The Applicants Position and Evidence

  1. The principle submissions in support of Mr Ren’s position are twofold.  Firstly, he contends that number of the allegations against him are false and not supported by the facts that he presents.  Secondly, he contends the decision to determinate his employment is harsh, unjust, and unreasonable in the circumstances of the case, his recognition and acknowledgement of his mistakes and demonstrated history and dedication to his employment with the Respondent.

  1. Regarding the use of the Respondent’s IT systems remotely and from overseas relevant to the allegations against him that he accessed Bureau systems without permission, Mr Ren submits that it was the Respondent that enabled and installed these programs on his devices for the purpose of facilitating his remote work and work from overseas.  He maintains that he had the permission and had been given the authority from the Respondent to work remotely and access its IT’s systems for this purpose by Mr John Le Marshall who was his manager prior to Mr Su.  Mr Ren’s evidence is also that Dr Fiona Smith provided him explicit additional permission to work remotely when advising him to contact the Respondent’s IT support team for help uploading software and VPN connections on 20 July 2022.[30]
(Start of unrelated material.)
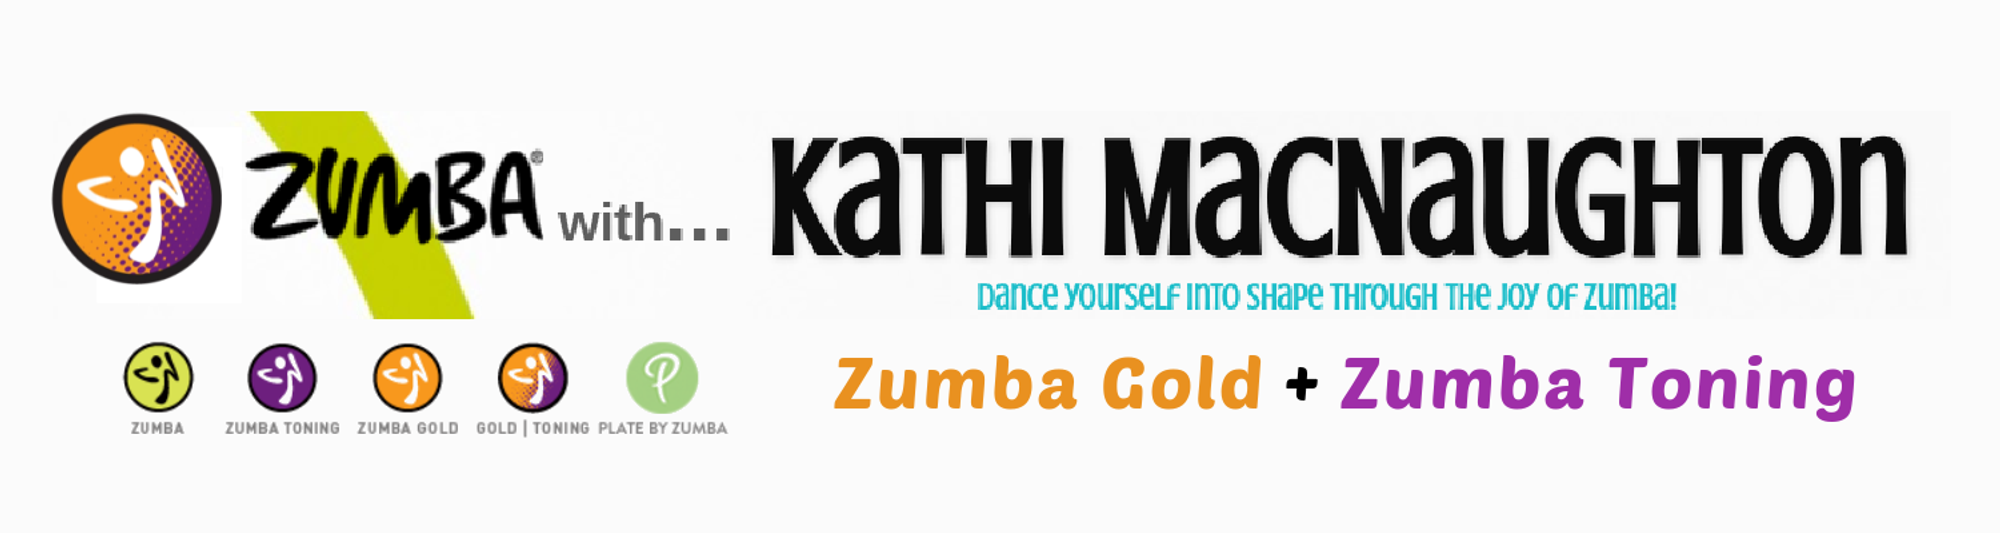 zumba gold logo

  1. Mr Ren further submits that not only were his subsequent managers aware that this permission had been given but that they were openly aware of it being the case by participating in meetings (including on Microsoft Teams during September 2022) where Mr Ren was also present during the course of his employment.  Mr Ren also indicated that working remotely and from home was a common practice amongst other Bureau staff and accepted behaviour of its employees, including Mr Su and Dr Smith. 

  1. Up until the departure of Mr Marhsall, Mr Ren indicated that he had an excellent working relationship with this employer and peers. That he was a valued employee and that his work and contributions were recognised to the extent that his initial contract was renewed to conclude in August 2023.  Mr Ren asserts that this changed when Mr Su became his responsible manager in July 2021 for reasons unknown to him.  His evidence in support of these submissions is his clear employment record until this time and that fact that issues with his employment were only identified by Mr Su in the first instance. 

  1. Further, he submits that in February 2022 he was asked to respond to allegations of dual employment with Curtin University which were baseless and subsequently dropped because Mr Su had an issue with him.  Mr Ren asserts that from this time, representatives of the Respondent were prejudiced against him and that he is faced with these further false allegations as a result.

  1. Mr Ren’s evidence is that he accessed the Bureau’s IT system during his September 2022 period of leave in the United States because, (1) he had authority to do so; and (2) he was a dedicated and committed employee who while he was on leave was in fact undertaking research relevant to this role in Data Assimilation to be able to better perform in his position. He submits he persisted in doing so to the detriment of his family and personal relationships. 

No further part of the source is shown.